群馬県藤岡市立鬼石小学校 教諭 大谷 雅昭

 2009年の「今年の漢字」は『新』に決まり、発表されました。
 「今年の漢字」は、(財)日本漢字能力検定協会が毎年全国から公募して、一番票が多かった漢字一字を選出し、発表時には清水寺の奥の院舞台で森清範貫主により巨大な和紙に漢字一字が揮毫されることで知られています。
 今年の漢字として、応募者が『新』を選んだ理由としては、(1)新政権の誕生、(2)スポーツ界の新記録、(3)新型インフルエンザの猛威、(4)新制度の導入、(5)未来へ向かって新しい時代の幕開け、などをあげています。昨年の漢字が、『変』であったことからも、新しいことや新しい時代へ期待したということでしょうか。
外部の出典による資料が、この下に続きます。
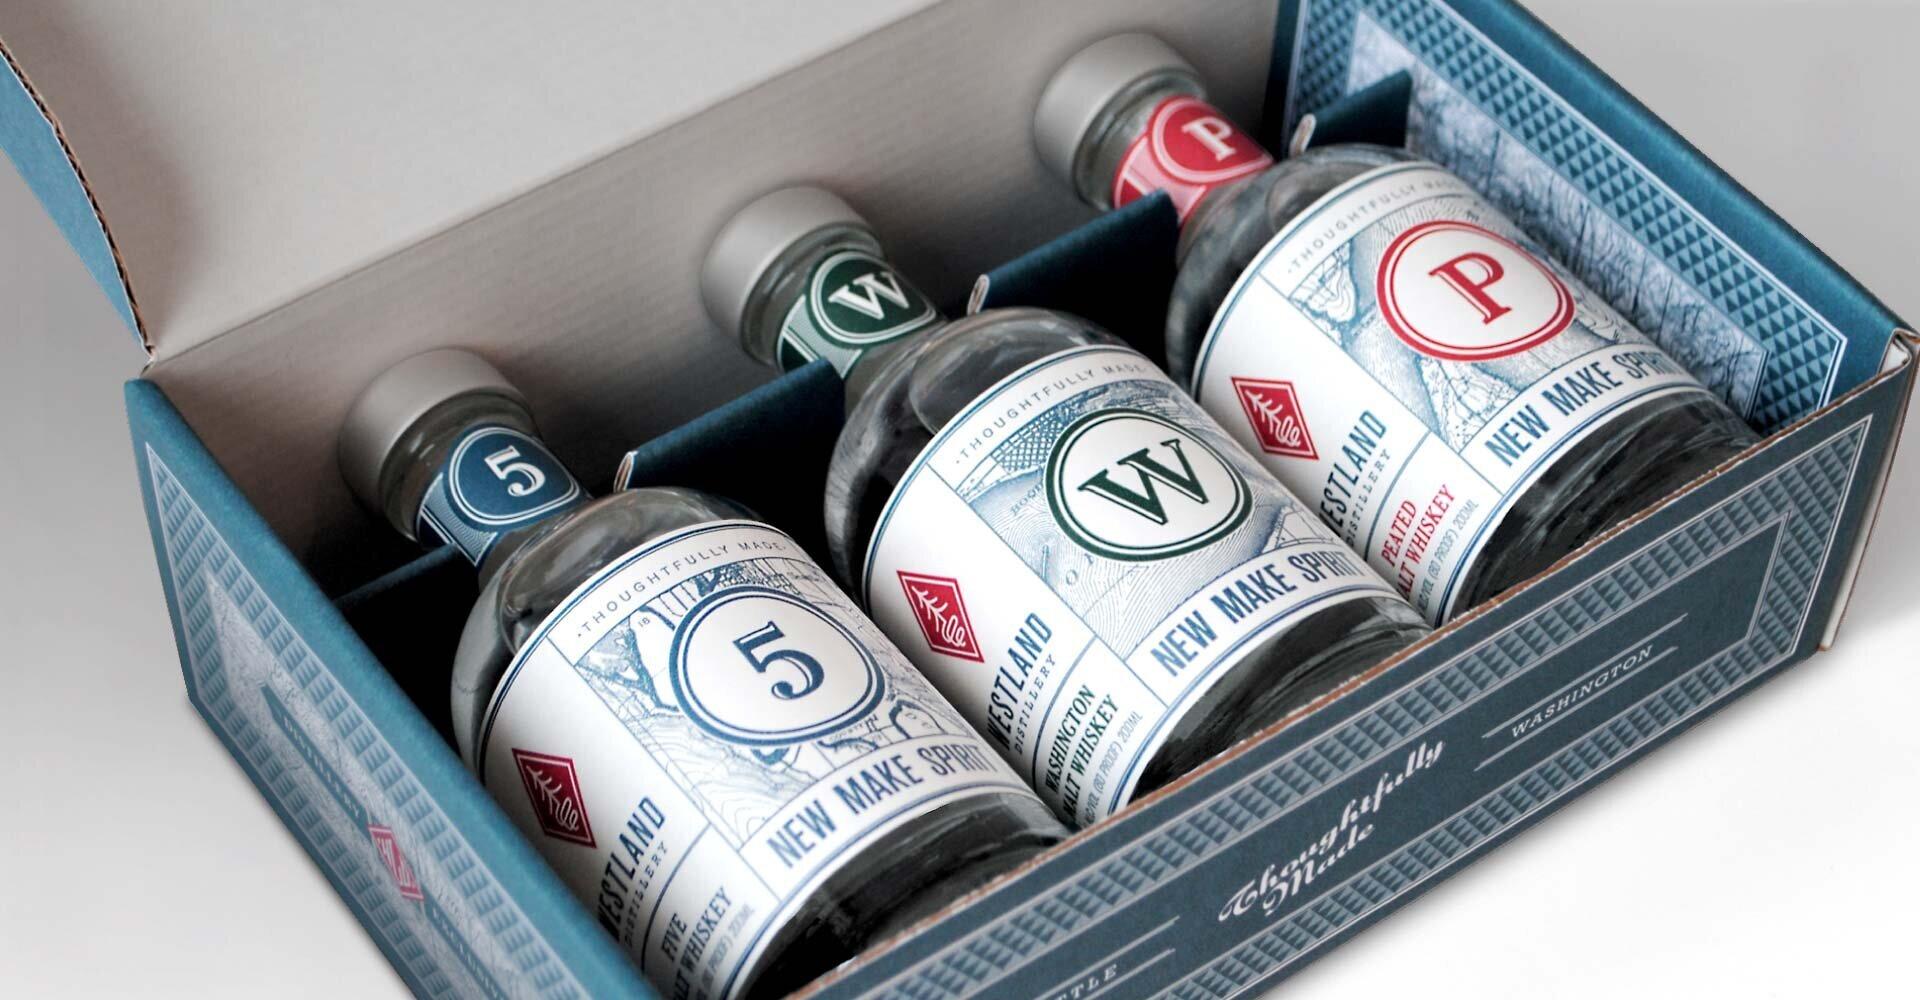 Westland Distillery's Alcohol To-Go Box
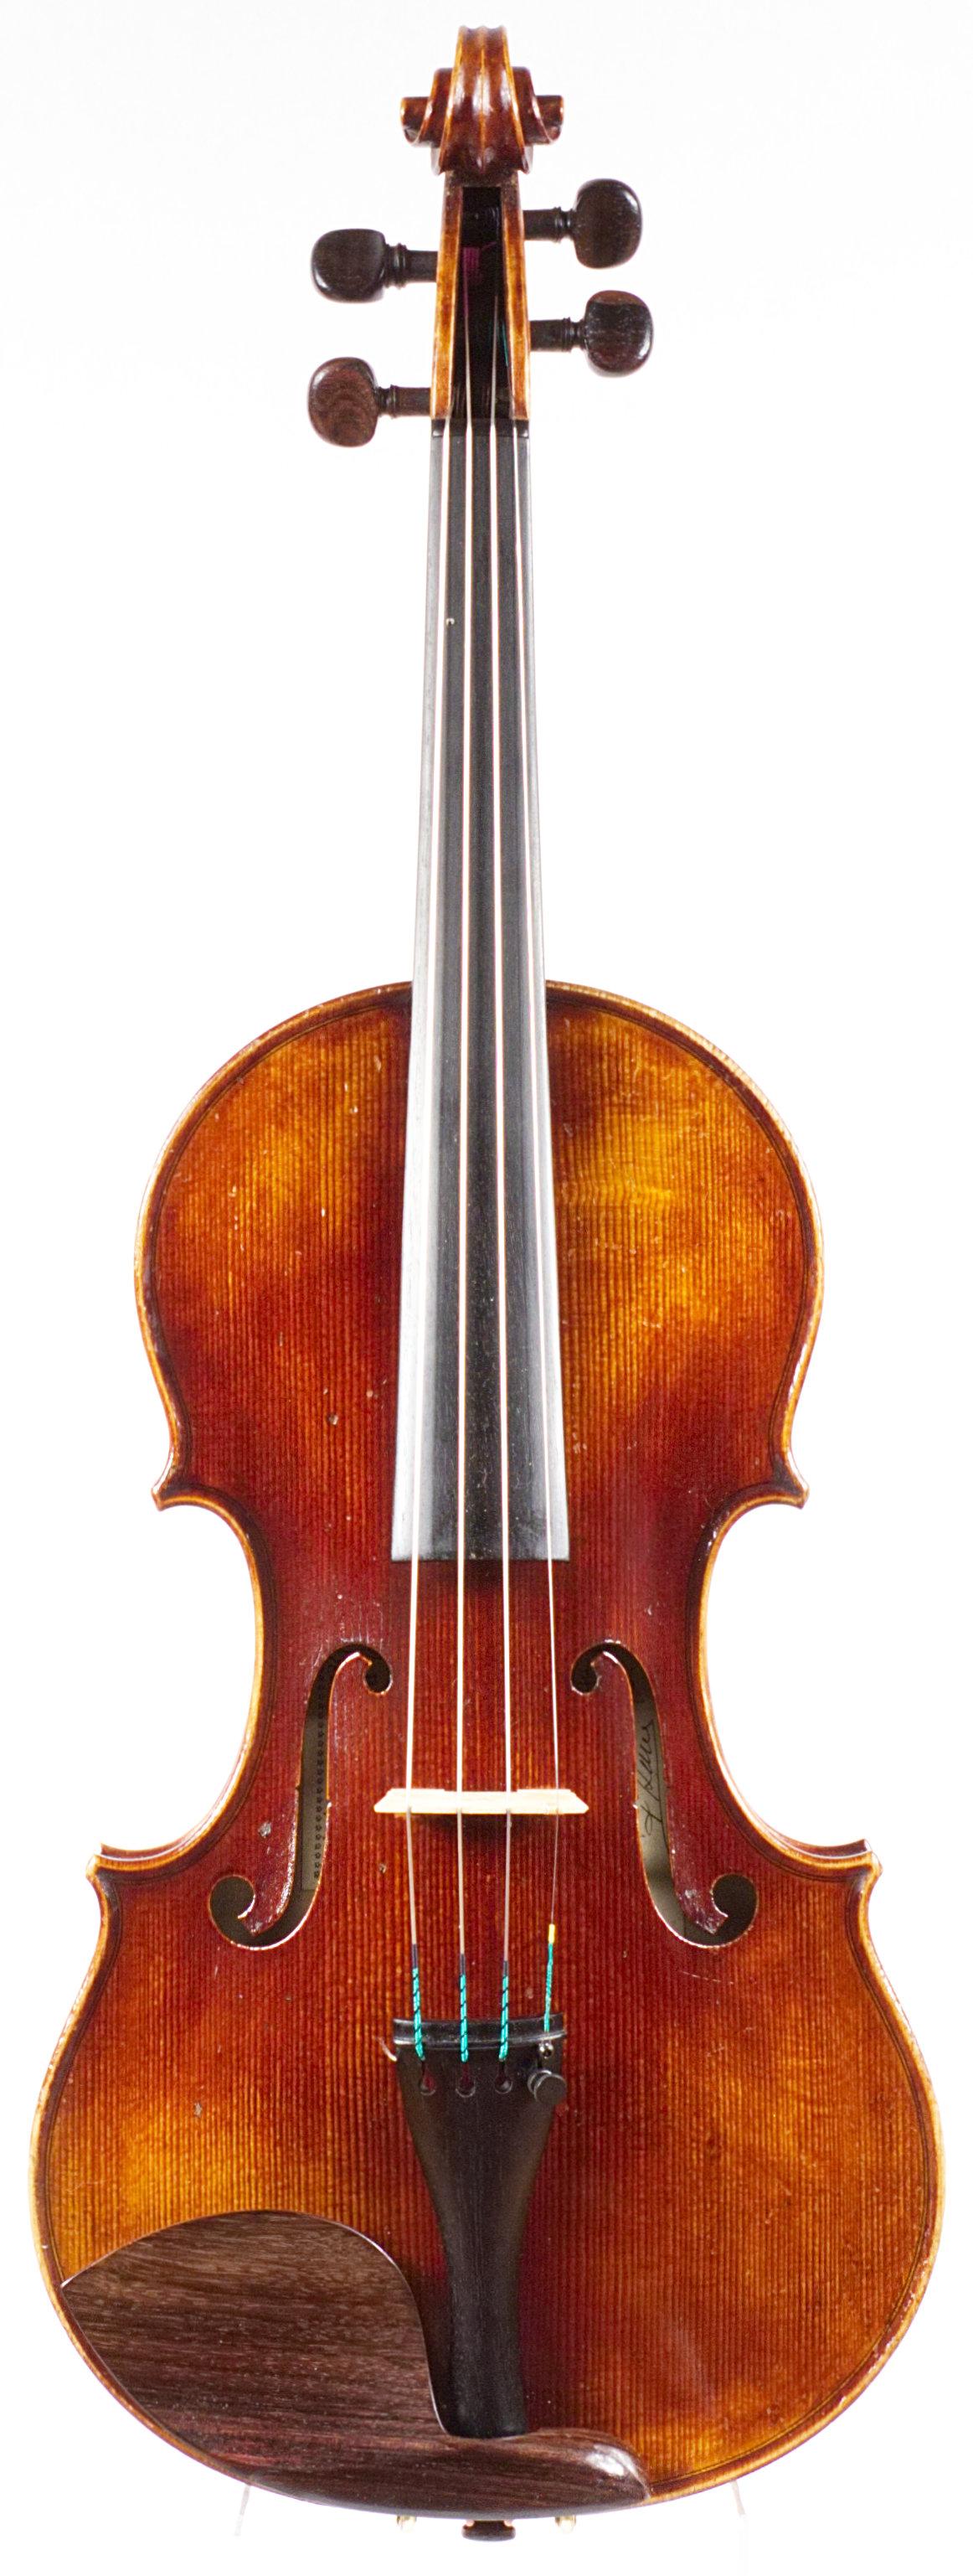 Paul Kaul violin

 この「今年の漢字」については、事前にメディアなどで予想をしたり、学校でも授業として取り上げたりしています。私も個人的に予想をしていて、昨年の『変』はバッチリ当てました。しかし、今年の漢字『新』を正解した人は、少なかったのではないでしょうか。私も今年は外してしまいました。
 ところで、今年はどんな年だったのでしょうか。ちょっと振り返ってみました。

 今年は年明けから、電気・自動車など多くのメーカーで赤字決算の報告があり、多くの企業が従業員の削減を発表するなど、暗いスタートになったように思います。そこに、芸能人をはじめ大学生までに蔓延する大麻などの薬物使用のニュースが続きました。
 以下、気になったことを思いつくままに並べてみると、
・3月 ETC利用で高速道路休日1,000円が発表され、ETC車載器騒動
・4月 新型インフルエンザ(豚インフルエンザ)の世界的拡大
・5月 裁判員制度開始
・7月 九州北部と中国地方西部で記録的豪雨
・8月 台風9号で兵庫県佐用町などに被害
・9月 鳩山総理が誕生し、新内閣が発足
    前原国土交通省が八ッ場ダムの建設中止を表明
・10月 日本航空が国の管理下に置かれる
・11月 政府の行政刷新会議による「事業仕分け」
・12月 新語・流行語大賞に「政権交代」

 こう見てみると2009年は、確かに新しいことやこれまでになかったことが始まった年だと言えそうです。表面的には新しいことは始まりましたが、その『新』は明るい希望の持てるという意味合いは少なかったように思えます。
 たとえば、ETC1000円にしても、車載器騒動あり、高速道路渋滞による環境悪化の懸念が拡がりました。新型インフルエンザの流行は、混乱を招きました。豪雨災害は、地球温暖化の影響が日本でも着実に増えていることを印象づけました。新政権は期待を持って誕生しましたが、その手法や施策は?であり、「政権交代」が流行語として位置づけられたこと自体にも不安を感じさせられました。

 このように考えると、「今年の漢字」は建前として『新』でもよいでしょうが、本音は『困』ではないでしょうか。
 理由は、日本経済悪化やデフレによる様々な困苦の増加、COP15に象徴される地球温暖化に対する歯止めが非常に困難になっている現状、地球規模における貧困層の増加、政権は取ったものの実際の政権運営に困窮している首相と政府、といったところです。
 身近なところでは、授業の増加だけでなく事務処理や一層難しくなる子ども達への対応などで疲労困憊(こんぱい)し、困殆(こんたい)・困頓(こんとん)としている教師が増えていることにもよります。

 2010年は、本当に期待の意味での『新』が訪れることを願いたいと思っています。そして、『真』であり、『信』じられ、『心』が、『伸』『進』していける教育であるようにしたいと考えています。

大谷 雅昭(おおたに まさあき)

群馬県藤岡市立鬼石小学校 教諭
子どもと子どもたち、つまり個と集団を相乗効果で育てる独自の「まるごと教育」を進化させると共に、「教育の高速化運動」を推進しています。子ども自身が成長を実感し、自ら伸びていく様子もつれづれに綴っていきます。